They say that some people are bound to separate ways. They also say that some aren't really in our fate. That they would just pass through in our lives, stay for awhile and then walk away.
Some might say that we should wait for them. Some might say that we should patiently understand them. And some might say that maybe our sacrifices will be paid off someday.

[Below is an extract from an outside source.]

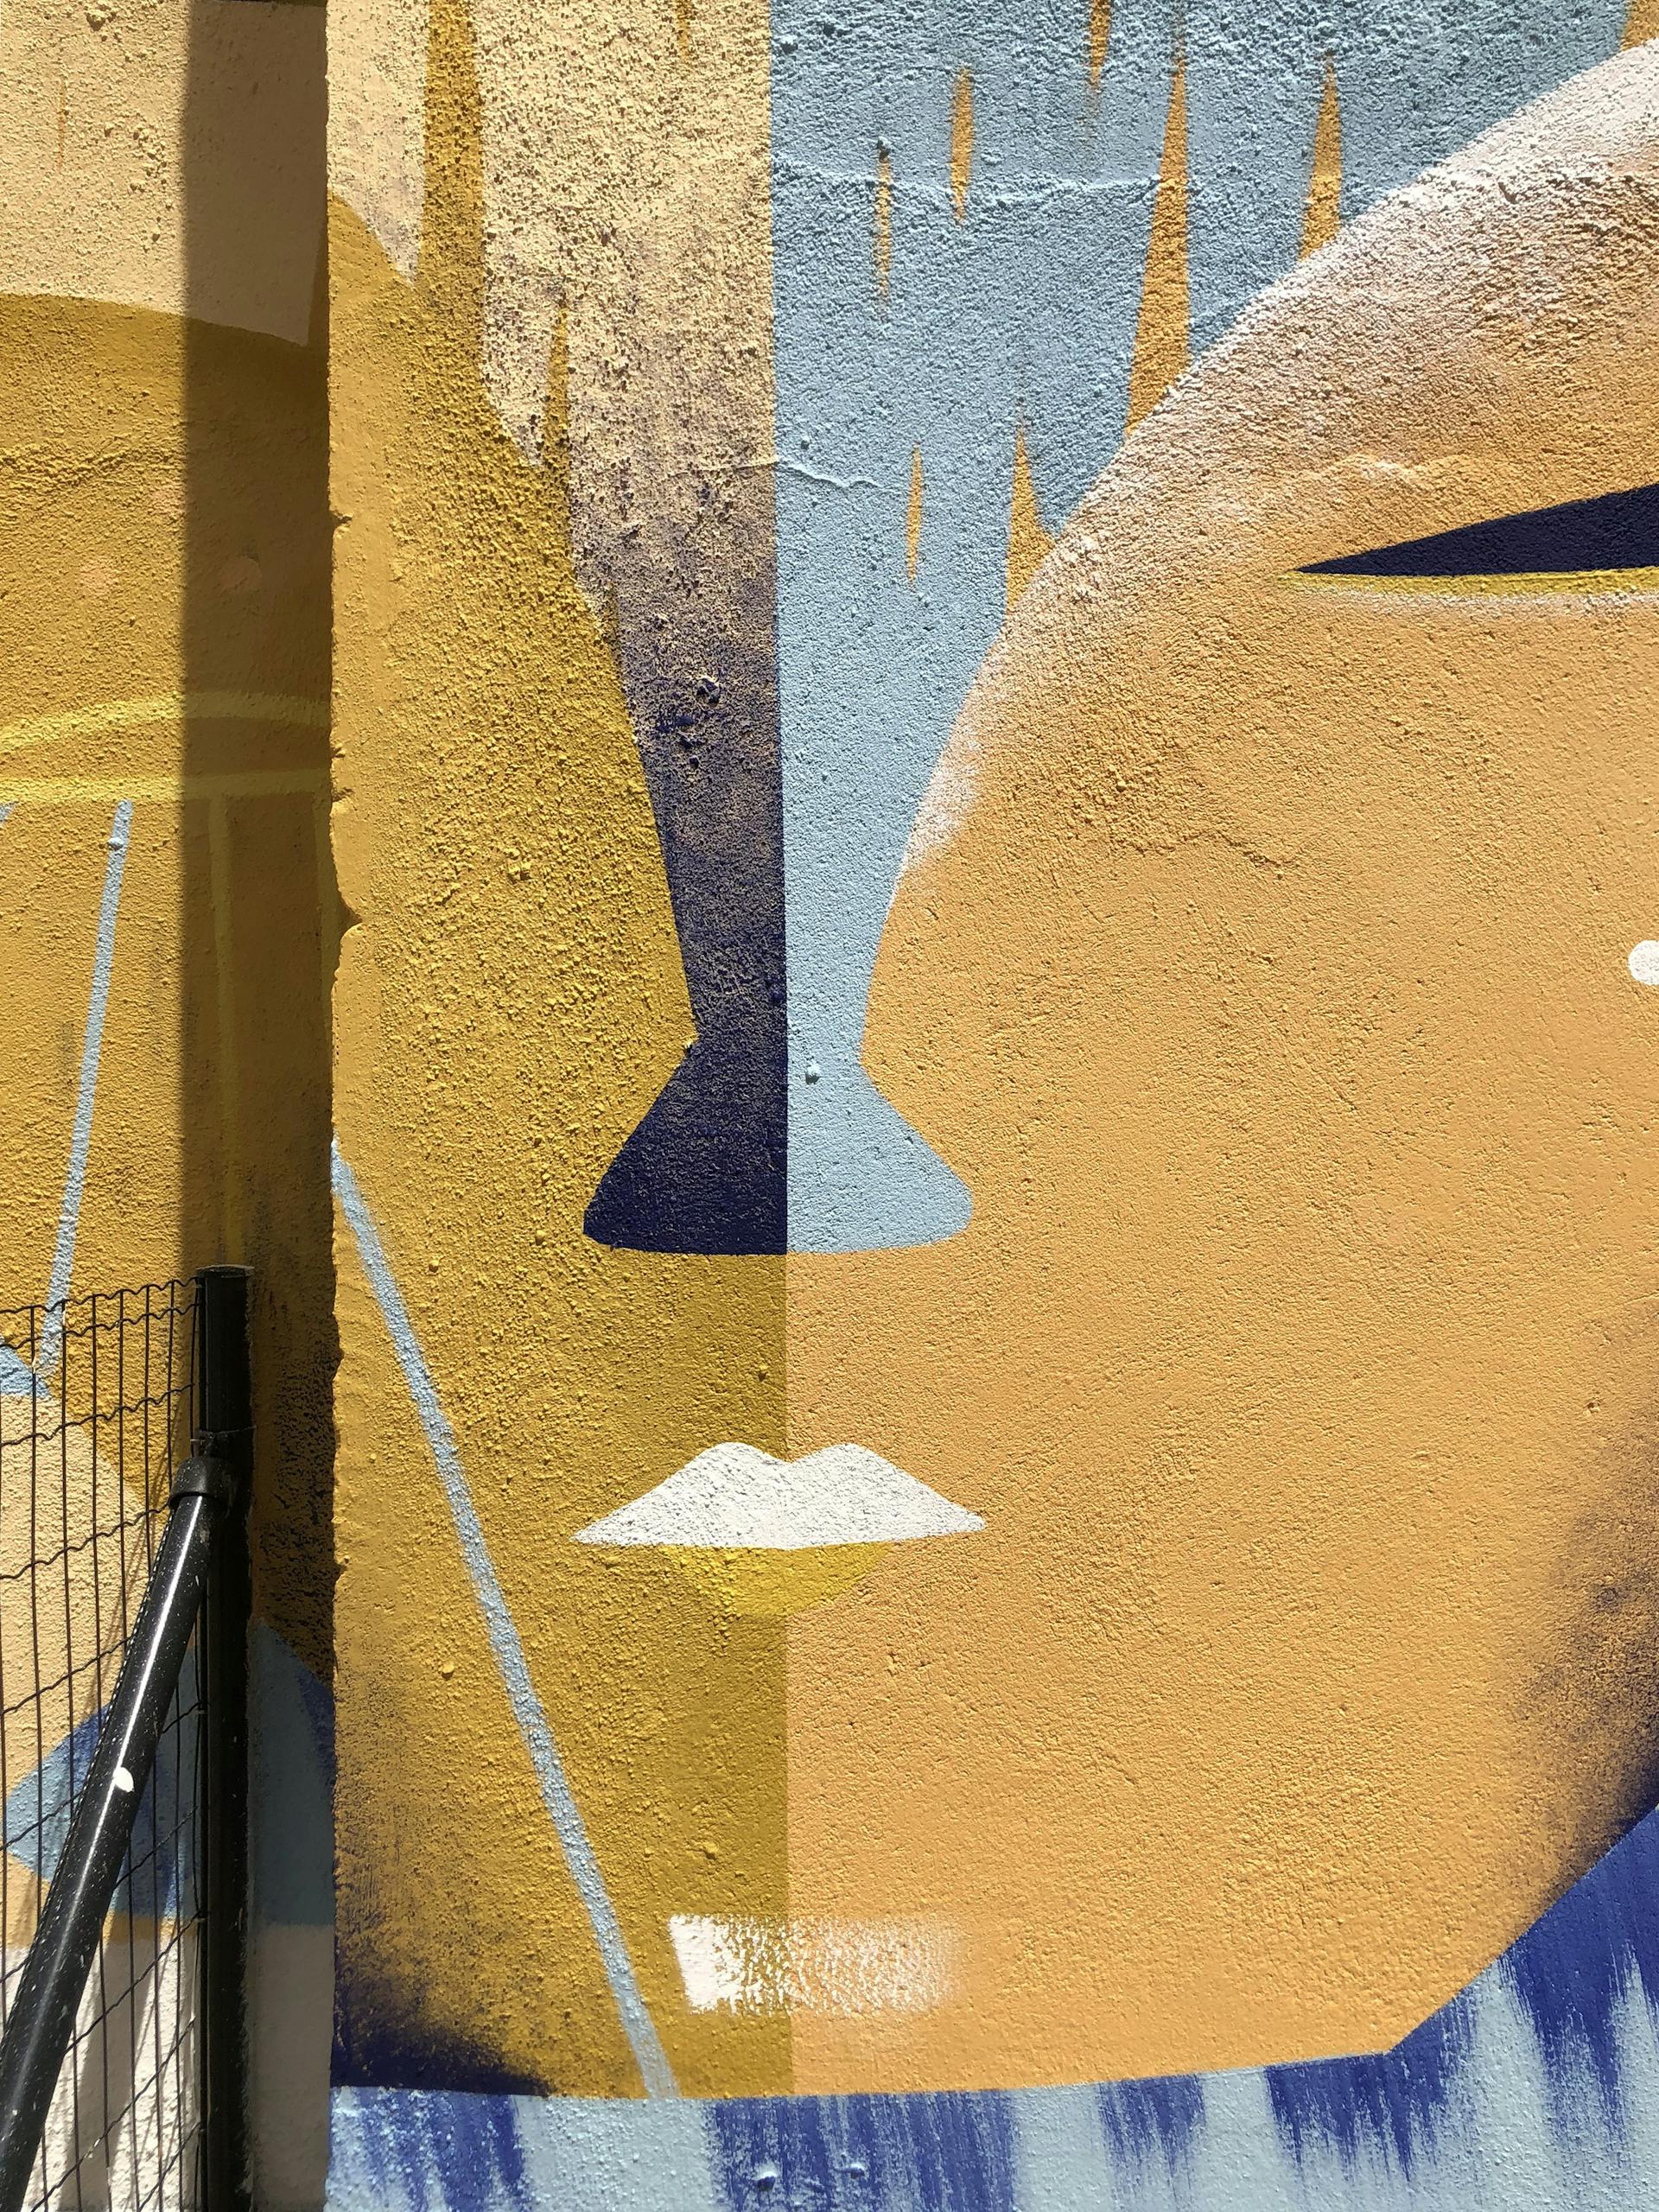 Proximité avec l'un des éléments principaux d'une œuvre street art du Studio Katra. La photo met en valeur un visage double face aux yeux mi-clos.

Michael, I really like you. You are everything I want but I'm afraid of having. I wanna talk to you every second of the day. I wanna share to you how my day went, how my subjects/professors were an ass. How I want to have you around. How happy I am that you're still around. I wanna hear from you the words "You did great today, Dear" "Kick ass, woman" "Do your best, Dear" "Rise above!" "Delegate, Dear" coz those words are my motivations. You're one of the people that I looked up to during my darkest episodes. You are my shuddery dreams, the one I'm always afraid of losing. You're one of the people whom I can trust. You were like a human diary to me.
Sorry if I may sound too expressive on how I feel for you, on how I like you to be with me when I know that it's somehow impossible. Sorry if I was a nagger. Sorry if I'm pushing myself too much towards you. Sorry if there were moments that I overstepped. Sorry if I almost break our boundaries. I just really wanted you to know how important you are to me. How awesome it would be if you and I are together.
I wouldn't thought that I was going to be this head over heels for you. I understand that you are busy, that you have bunch of things to do. And that you have no time for my crap. It's really hard for me to just stare at my phone waiting for your messages. Damn, you are my favorite notification. But you know how much I respect your personal space. How I understand that I am the last person you'd looked up to.
Michael, I really appreciate you. Thank you for the laughters. For sharing your little errands with me. For reminding me that I could do better than I was yesterday. For always cheering me up. For being goofy. You are my favorite bully. Thank you for that one hug you know I needed the most. Your embrace still lingers in me. Thank you for the voice messages you've sent me. Your voice is so calming that I would have to play it whenever I misses you. Thank you for trusting me, I know how private you are but I am so grateful that you've shared yourself with me. Thank you for accepting that I am somehow dark and twisted. God knows how I want you to be the father of my children. I would always imagine you holding hands with our kids, how you guys walk in the aisle of the court and sitting upfront beside your opponent.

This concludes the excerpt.